Similarly, the LLM inference hosting market is evolving into a spectrum of options:

  • Self-hosting: Organizations can invest in high-performance hardware like NVIDIA’s H100 GPUs (priced at around US$30,000) or more modest setups using GPUs like the RTX 4090 or RTX 5090 (priced at around US$5,000). This option offers full control but requires significant upfront investment and technical expertise.
  • Leased GPU services: Cloud providers offer GPU resources on an hourly basis, making it possible to run LLMs without committing to physical hardware. For example, renting an H100 GPU typically costs around US$3 per hour.
  • Hosted inference services: Many providers offer LLM inference as a service, where customers pay per transaction or token. This model eliminates the need for infrastructure management, appealing to businesses that prioritize simplicity.

The economics of LLM hosting

The emergence of open-source models and interoperable APIs is driving fierce competition in the LLM hosting market. This competition has already led to dramatic price differences between providers. For example:

  • OpenAI GPT-3.5-turbo: US$10 per 10 million tokens
  • lemonfox.ai Mistral 7B: US$5 per 10 million tokens (using open-source models)

These disparities highlight the potential cost savings of opting for open-source models hosted by third-party providers or self-hosting solutions.

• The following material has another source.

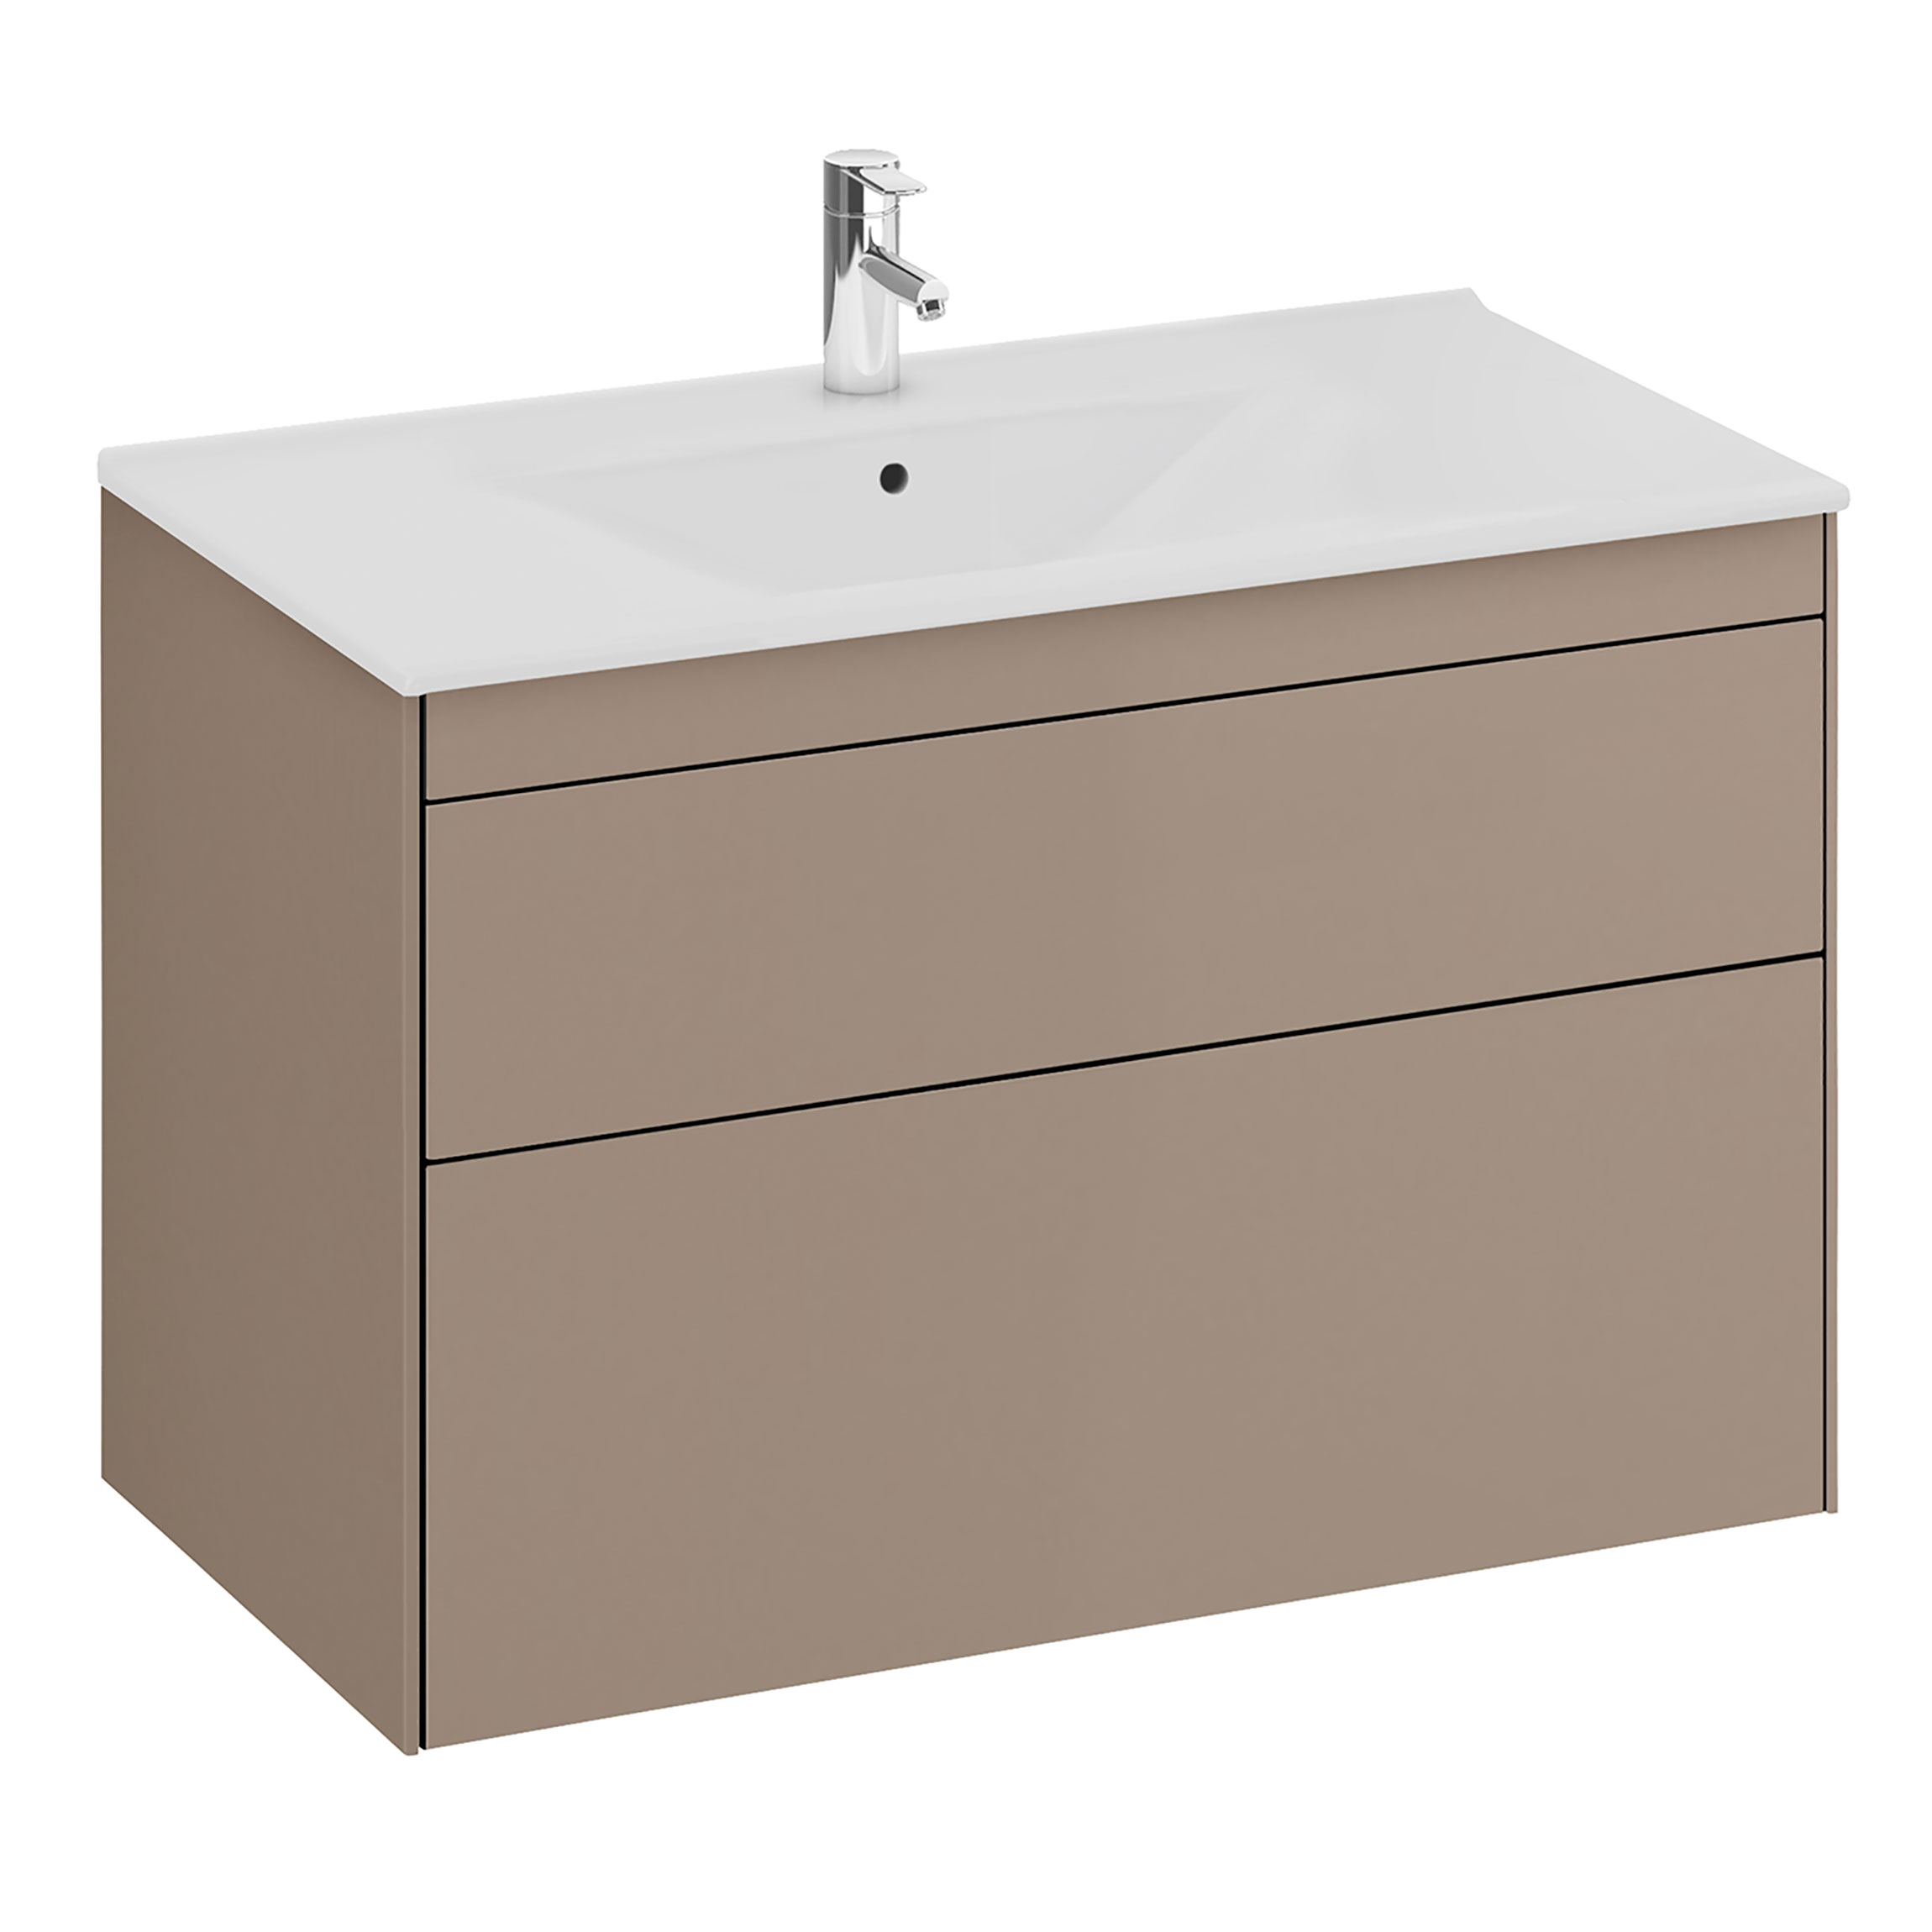 Tvättställsskåp Ifö Sense 90

Renting GPUs vs. buying inference services

For businesses and developers, choosing between renting GPU time, self-hosting, or using inference services depends on several factors:

  • Scalability: Hosted inference services are ideal for unpredictable or spiky workloads, as they scale effortlessly.
  • Cost efficiency: For steady, high-volume workloads, self-hosting may be more economical in the long run.
  • Data control: Organizations with strict confidentiality requirements may prefer self-hosting to ensure data never leaves their infrastructure.
  • Open source software is free as in freedom, and free as in free beer. Although there are significant hardware costs for GPU capability, in general an enterprise can self-host AI without incurring software licensing fees.
  • Price competition from vendors using open source solutions no doubt has the effect of constraining the pricing power of closed source vendors.

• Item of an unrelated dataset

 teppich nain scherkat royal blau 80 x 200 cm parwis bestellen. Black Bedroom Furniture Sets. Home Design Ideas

For example, a small startup building a chatbot might initially use an inference provider like lemonfox.ai to minimize costs and complexity. As their user base grows, they might transition to leased GPU services or invest in dedicated hardware to optimize expenses.

A law firm or medical practice may begin with an air-gapped cloud instance with non-disclosure (NDA) and data protection (DPA) agreements. At some point, the business case may justify taking the service in-house with a self-hosted inference server with GPU hardware.

Conclusion: the road ahead for LLM inference hosting

As LLMs continue to gain traction, the LLM inference hosting market will likely follow the trajectory of web hosting two decades ago—moving toward commoditization and low-margin competition. Businesses and individuals will increasingly weigh the trade-offs between cost, control, and convenience when deciding how to deploy LLM capabilities. The availability of open-source models and interoperable APIs ensures that options will continue to expand, empowering developers to choose the solution that best meets their needs.